Photograph: Baileys/Women's prize for fiction |
As part of the overall celebration of the 25th year of the Women’s Prize for Fiction, Bailey’s, the prize sponsor, is to re-publish the works of 25 female authors who for one reason or another originally published the books under male, or male-sounding, nons de plume. The difference this time around is that the real names of the authors will be attached to their work.
And the good news for readers around the world, is that Bailey’s is making all 25 of these new e-books available to the public for free downloading. So, if you’ve been longing for a copy of Middlemarch by Mary Ann Evans, your wish is about to come true.
According to this article from The Guardian,:
Some of the books, like Middlemarch, are well-known, including A Phantom Lover, a ghost story from Violet Paget, who wrote as Vernon Lee; and Indiana, a romance from Amantine Aurore Dupin, the 19th-century author better known as George Sand, who famously scandalised society by wearing male clothing and smoking cigars in public.
Others are being brought to the forefront after forgotten decades, such as Keynotes, a collection of feminist short stories from 1893 that includes open discussions of women’s sexuality. The stories were written by Mary Bright, who wrote as George Egerton, in 1893; she would say of them that “I realised that in literature, everything had been better done by man than woman could hope to emulate. There was one small plot left for her to tell; the terra incognita of herself, as she knew herself to be, not as man liked to imagine her.”
[...]
“This was about looking back to the women in whose footsteps we walk – the way that other women did get their work into print or couldn’t get their work into print. It’s just such a joyous idea,” said the novelist Kate Mosse, who founded the Women’s prize 25 years ago, following an all-male Booker prize shortlist.
I love this idea - and now I'll be keeping my eyes open for an announcement from Bailey's that the books have been published and made available for downloading.
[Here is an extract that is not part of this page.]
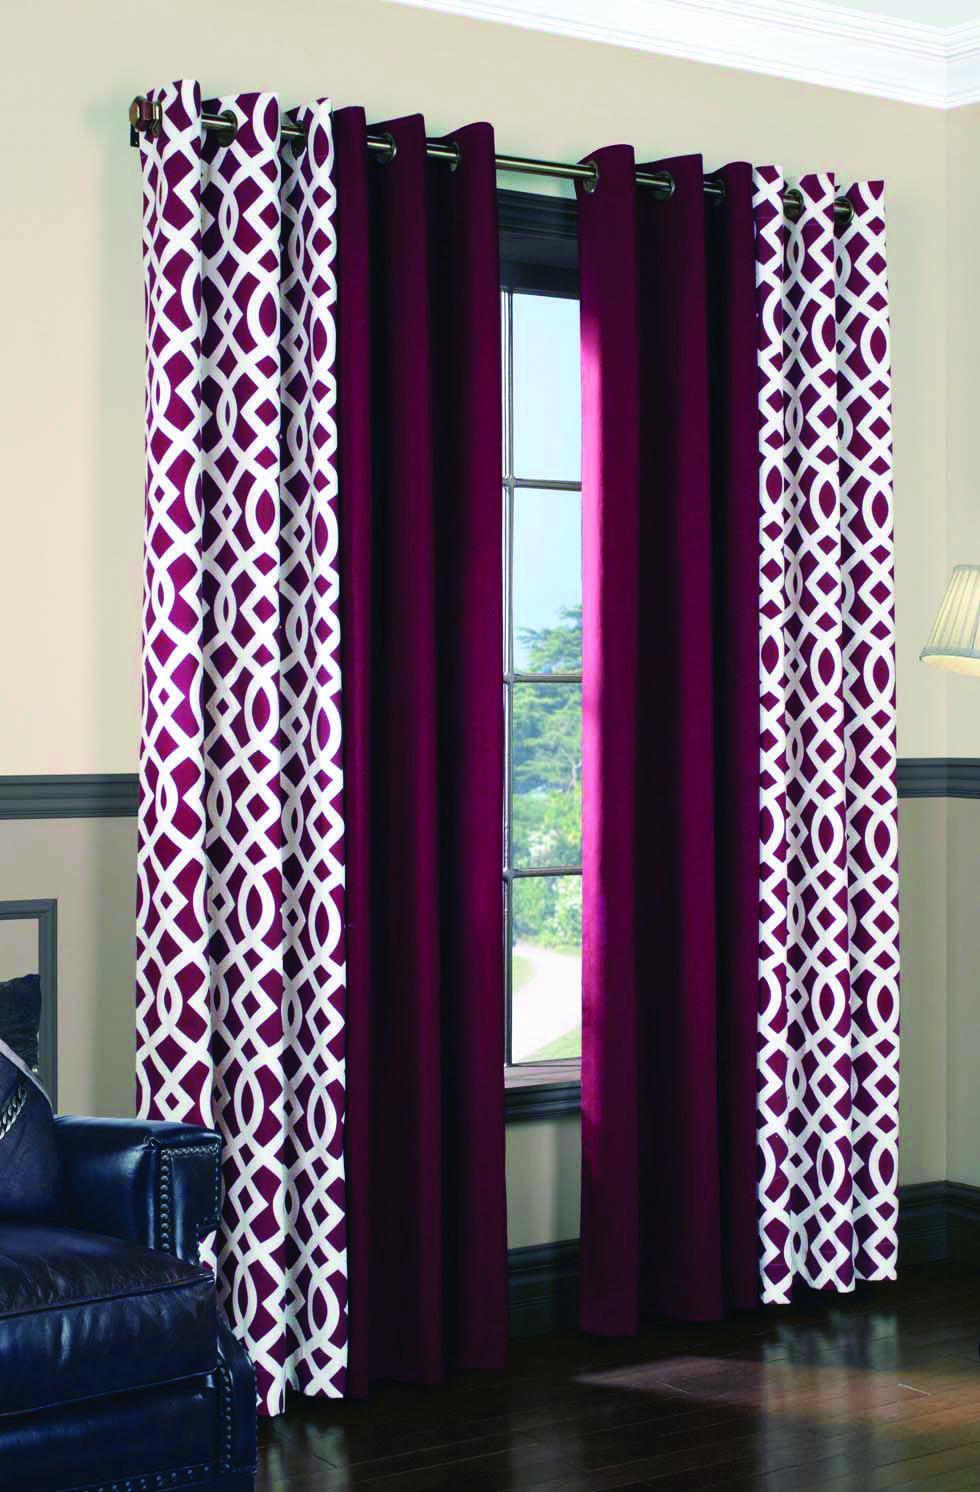 Living Room Curtains Purple Living Room Decor Curtains Purple Curtains Living Room Curtains Living Room
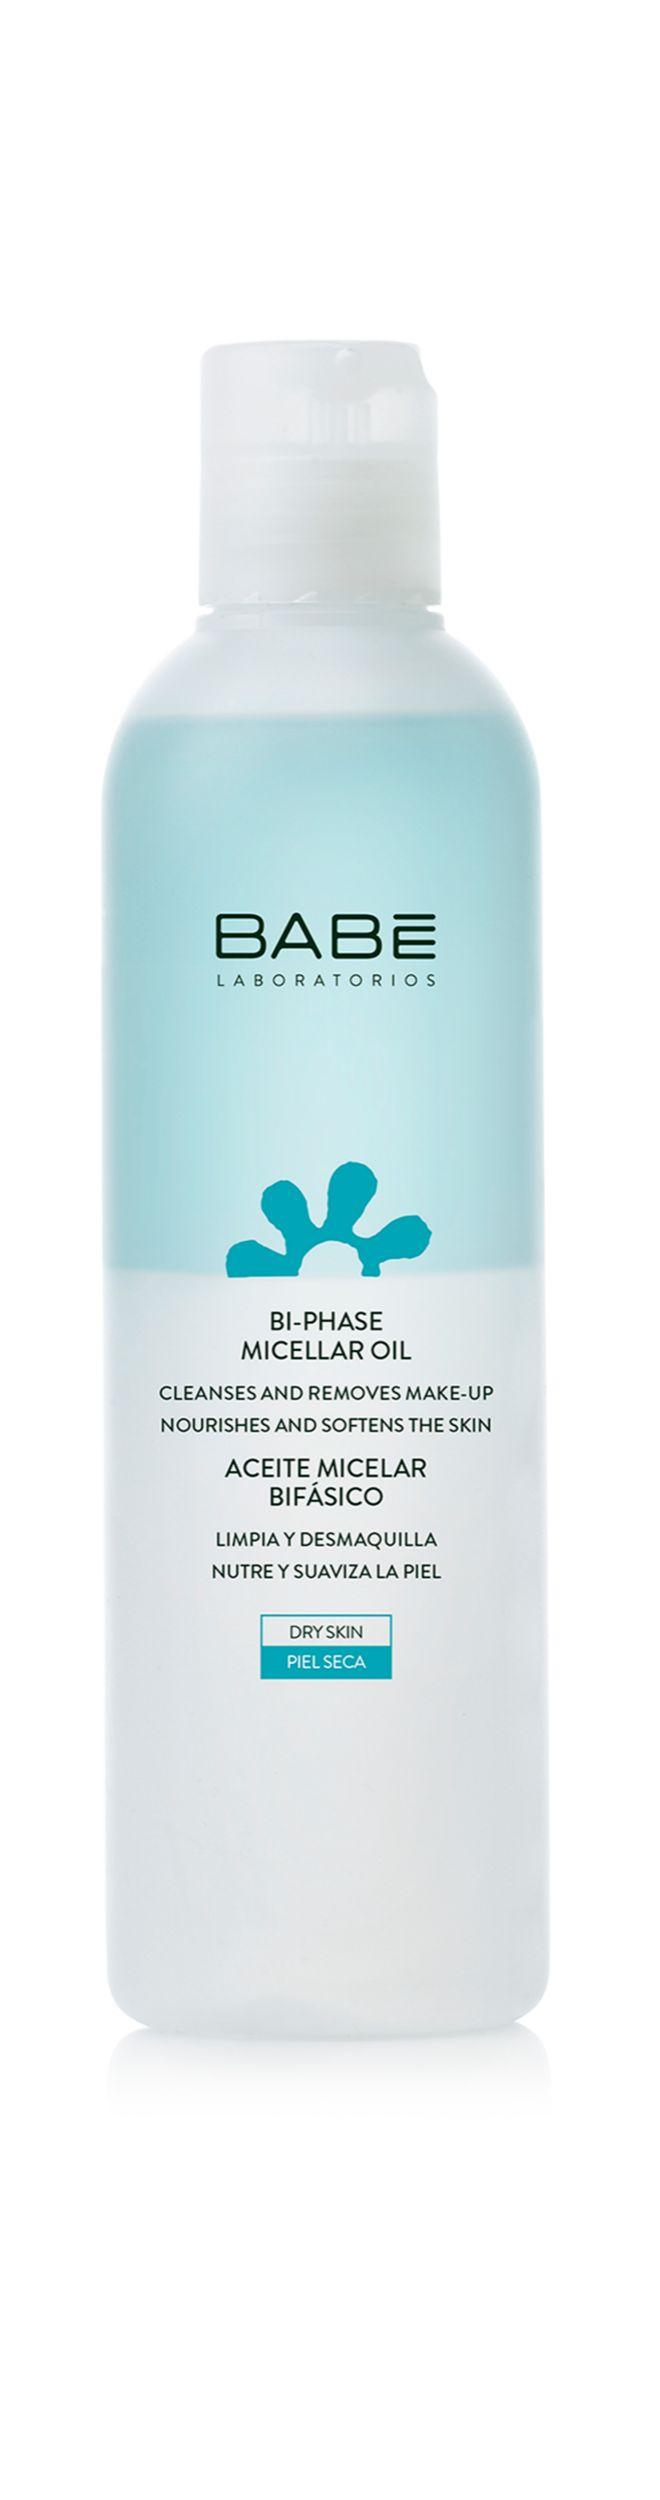 Aceite Micelar Bifásico, de Babé (12 euros). Su fórmula incluye aceite de algodón y de caléndula.

If any of you, especially those of you in the U.K., see anything before I do, please do add the information here as a "comment." Thanks.
I love when they republish older works for whatever reason! I'm looking forward to these. :)
ReplyDeleteMe, too. I always find myself wondering about books that were really popular in their day before slipping quietly back into the unknown. This may be the chance to find a few goodies that I never even suspected existed.